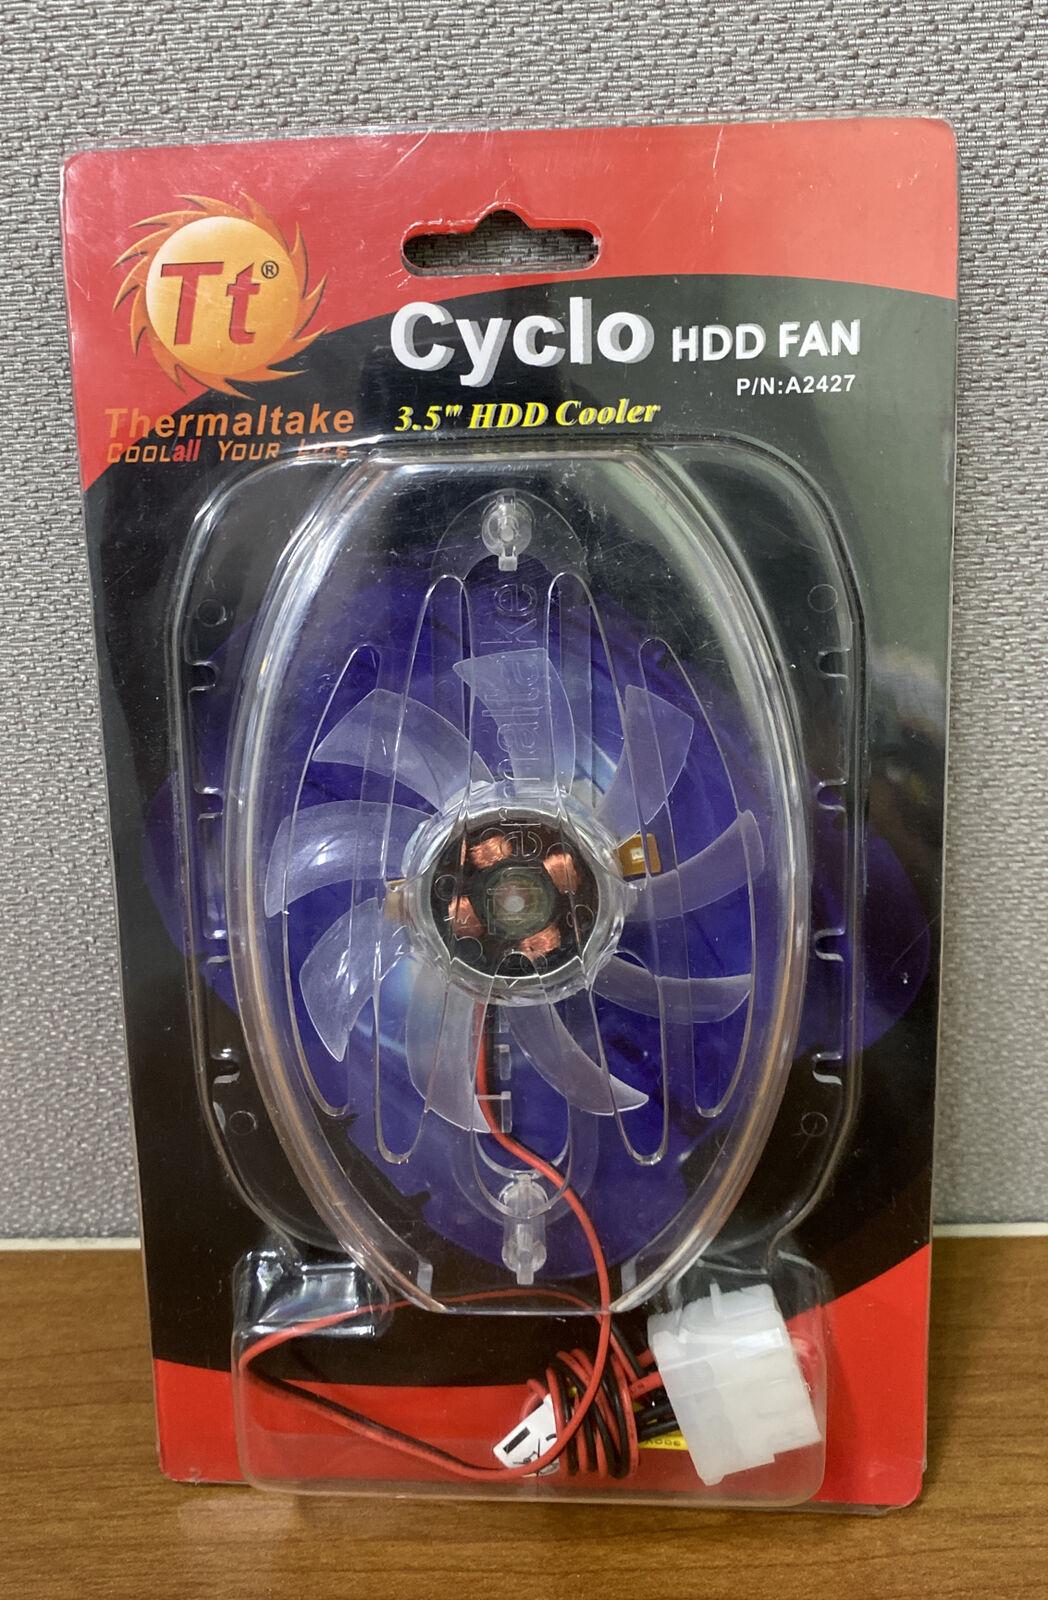 Thermaltake A2427 Cyclo 3.5
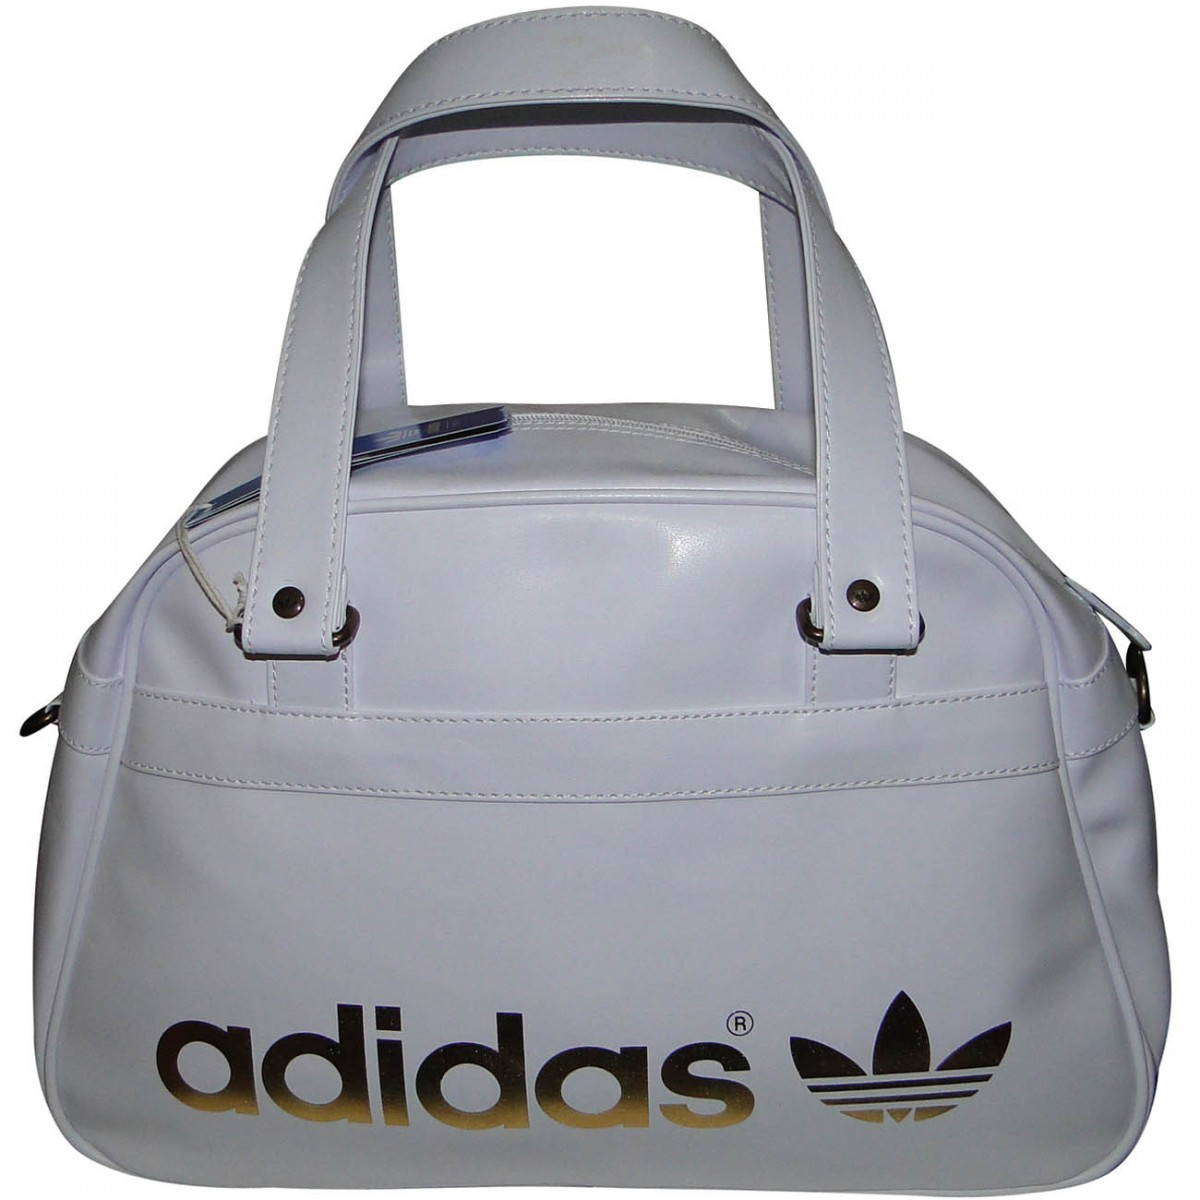 Hqdsxrtc 5566 Adidas Adicolor Nike Bowling Bolsa Brancodourado Chuteira PX0wkNOn8
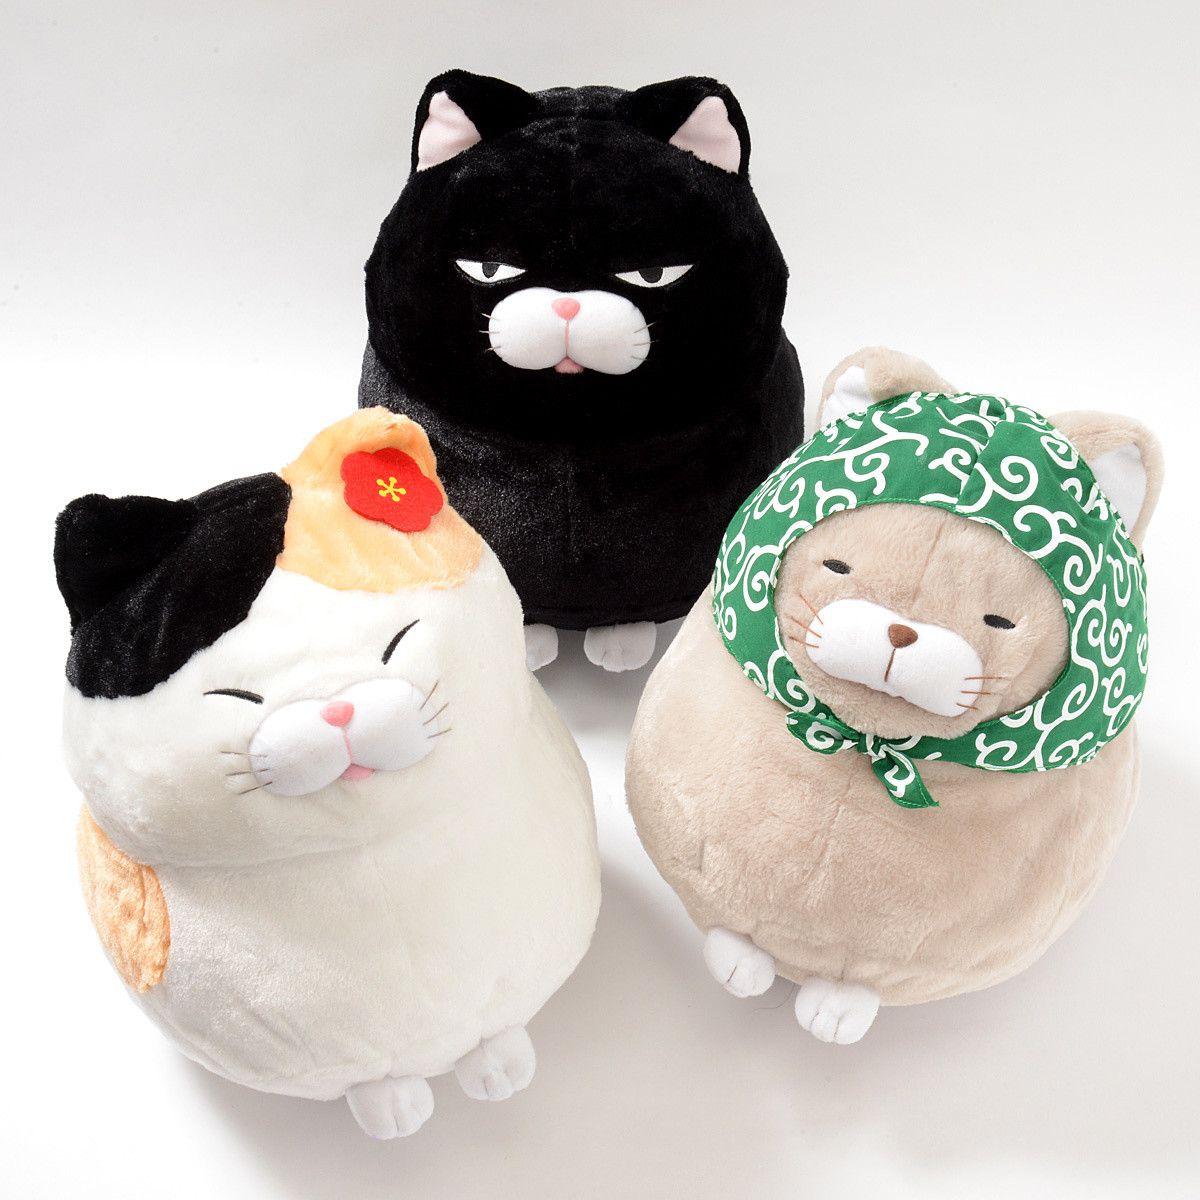 Hige Manjyu Fuku Cat Plush Collection (Big) Kawaii plush
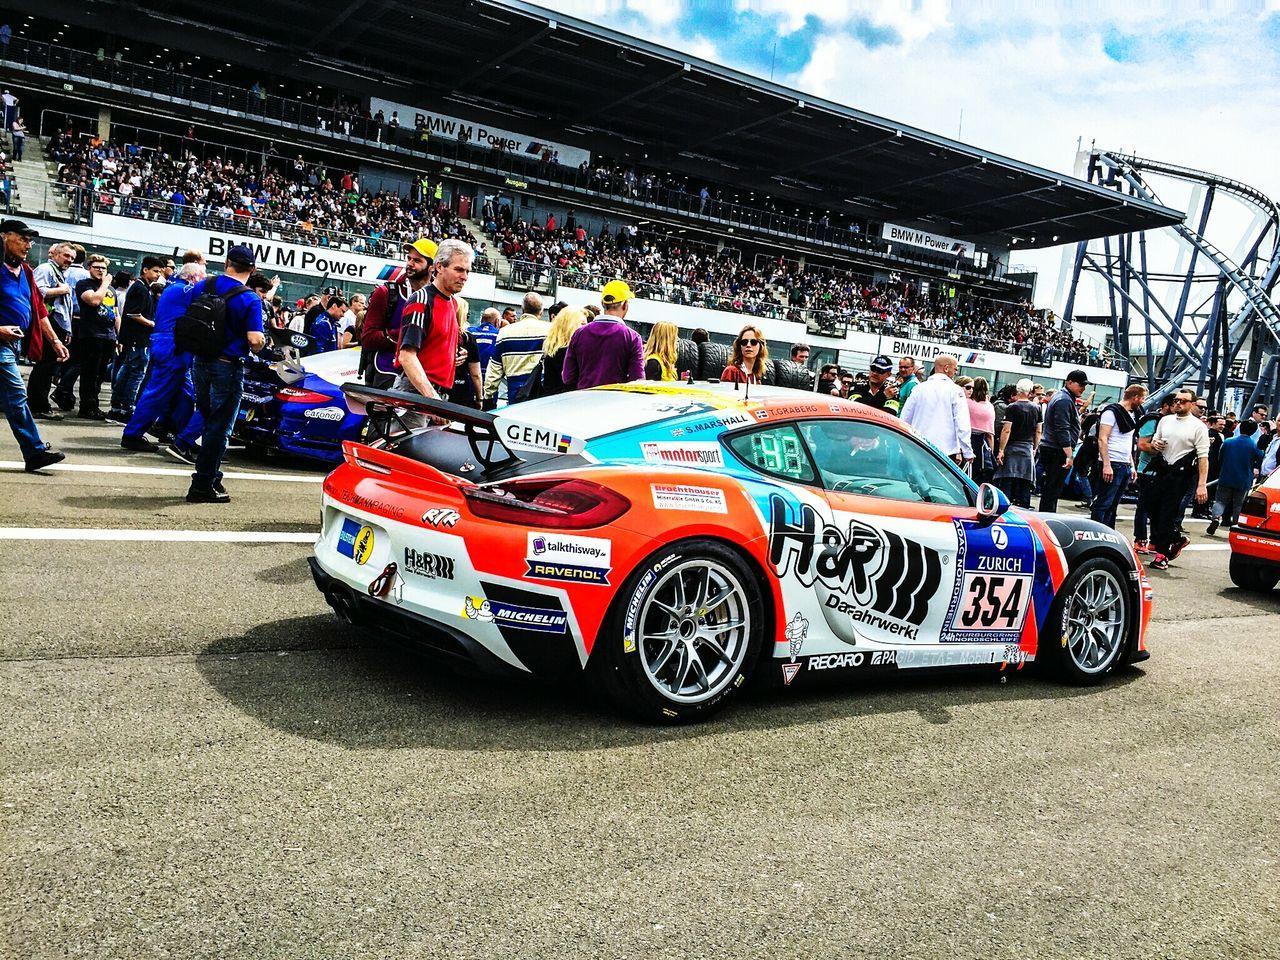 Porsche Rtr  Nurburgring 24h Race Motorsport Racing Nordschleife Race People Watching 24h

——

== EXERCISE ==
In your copy, omit the pictures and restate every line of the data word for word.

== WRITTEN ANSWER ==
 Thermaltake A2427 Cyclo 3.5
 Hqdsxrtc 5566 Adidas Adicolor Nike Bowling Bolsa Brancodourado Chuteira PX0wkNOn8
 Hige Manjyu Fuku Cat Plush Collection (Big) Kawaii plush
 Porsche Rtr  Nurburgring 24h Race Motorsport Racing Nordschleife Race People Watching 24h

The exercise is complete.